OOC:  Sorry for my lack of posting today, computer issues at work kept me totally offline.  Hopefully, they'll be resolved at least by next week.

IC:  Kerlan, presumably followed by the others, enters the door to the north.  Inside he finds the goblin mage's quarters.  In the room are an old mattress, a table and chair, and an old-looking chest.  On the table is a sheet of parchment.


----------



## KerlanRayne (Feb 5, 2009)

Kerlan looks at the paper on the table. After that he will try to open the chest with the keys and look at everything inside.


----------



## Leif (Feb 5, 2009)

The chest is conveniently unlocked.  It contains traveling gear sized for dwarves.  The writing on the page on the table is in the goblin tongue.  Does Kerlan know goblin?  Also, while rummaging around Kerlan notices an iron strongbox that he hadn't noticed before,   Opening it, he finds 45 pieces of platinum.


----------



## KerlanRayne (Feb 5, 2009)

Kerlan takes the gear out and holds it up. "Korbin, Torbin, I think I have found your belongings. Here, take it." After the dwarves have taken their things Kerlan holds up the sheet of paper. "Does anyone know how to read this?"

OOC: As Leif said, the message is in Goblin.


----------



## Scott DeWar (Feb 5, 2009)

After every one passes Capizzio whilde he stares down the well, wondering if that is an access to any underground passages, he grows tired of just standing there and proceds ro where Keerlan is. " May I ?" he asks as he looks at the writing.

decipher Script: +4

]ooc[I have to let you do that Leif. if it is a bad enough roll, i could totally misunderstand it. i don't even know if i could take a ten.

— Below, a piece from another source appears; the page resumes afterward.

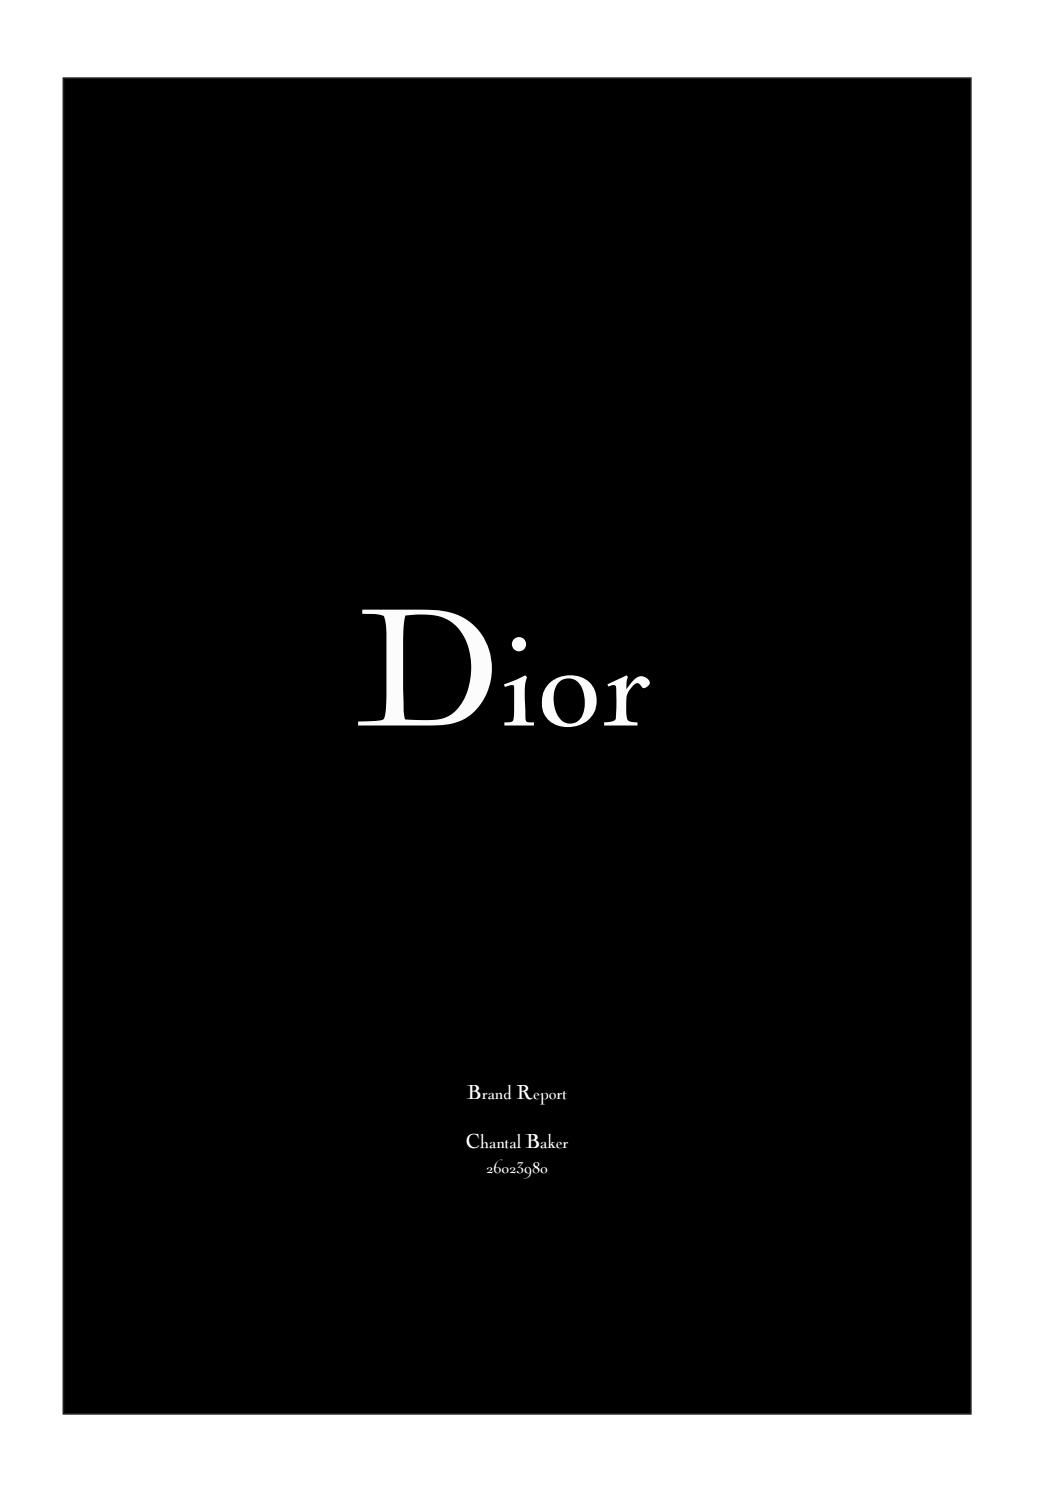 Brand Report: Dior | Chanel wallpapers, Black and white picture wall

I would if i could.]/ooc[


----------



## Leif (Feb 5, 2009)

OOC:  No taking 10 on Decipher Script rolls, that would kinda defeat the purpose of the 'misunderstanding rule.'

Hmm, Capizzio got an 11.  capizzio's decipher script check for goblin wench's letter (1d20+4=11)  Doesn't seem really good enough, but I'm gonna tell you what the letter says anyway.  It reads:

*"Kersux,

We have been discovered.  If we are to crush the humans, we must do it soon.  The Crushed Skull Orcs are mighty, and the humans are no match for what you face every day in the Underdark.  We are willing to split the plunder seven gold for you, three for us.  Do you accept?  Please decide soon.

Uela"*


----------



## Scott DeWar (Feb 5, 2009)

never the less, you get to make that roll secretly then. let me know the results and tonight i will make an IC post of it.


----------



## Leif (Feb 5, 2009)

What??  I just told you what the letter says, and the check results, too, in my very last post.  Capizzio successfully determined the message's text.


----------



## Scott DeWar (Feb 5, 2009)

Kerl, It reads:



Leif said:


> *"Kersux,
> 
> We have been discovered.  If we are to crush the humans, we must do it soon.  The Crushed Skull Orcs are mighty, and the humans are no match for what you face every day in the Underdark.  We are willing to split the plunder seven gold for you, three for us.  Do you accept?  Please decide soon.
> 
> Uela"*




"That does not sound good at all. We may need help."


----------



## Scotley (Feb 6, 2009)

*Tylara*

"That doesn't sound good at all. I believe our benefactor will be interested in this." She turns to the dwarves, "Do you know which one they called 'Uela'? Was it the spell caster?"


----------



## Leif (Feb 6, 2009)

*Torbin and Korbin*

"Yes, the Sorceress was Uela, I believe," says Torbin.


----------



## Scotley (Feb 6, 2009)

"Does a 70/30 split mean that the mage thought these orcs were more than twice as powerful as the inhabitants of the keep? Not a prospect I like to contemplate. I believe we should wrap things up here quickly and return to report this note to the local rulers."


----------



## Leif (Feb 6, 2009)

OOC:  Doesn't it seem just a wee bit strange that this letter was written by Uela (a Goblin sorceress) instead of Thugler (the chieftan of the hobgoblins)?  Hmmmmmmmm......  I wonder......


----------



## Maidhc O Casain (Feb 6, 2009)

*Mánunuksó (Manny) Maliit*

OOC: OK, caught up with this one - been a crazy couple of weeks!

IC:

"Something odd is going on here for certain sure . . . to whom did she write this little missive? And who are the 'Crushed Skull Orcs?' Have we heard of them before?"


----------



## Leif (Feb 6, 2009)

OOC:  The addressee is named in the letter......


----------



## Maidhc O Casain (Feb 6, 2009)

*Manny*

OOC:

Right, but who is that?  It's been awhile, and I only skimmed some of the entries. Have we heard that name?


----------



## Leif (Feb 6, 2009)

OOC:  No, you've never heard that name before, but the letter itself does somwhat strongly imply who it is.  With only minor reading between the lines required.


----------



## Scott DeWar (Feb 6, 2009)

Mowgli said:


> OOC: OK, caught up with this one - been a crazy couple of weeks!
> 
> IC:
> 
> "Something odd is going on here for certain sure . . . to whom did she write this little missive? And who are the 'Crushed Skull Orcs?' Have we heard of them before?"




Capizzio pipes up,
"Well I haven't herad of them before, but the mention of the underdark may be a clue as to where they, the orcs, reside. the fact that she wrote it and there is no other signature on it might mean that either she is doing this behind the backs of the hobgoblins or she is the leader of the hobgoblins.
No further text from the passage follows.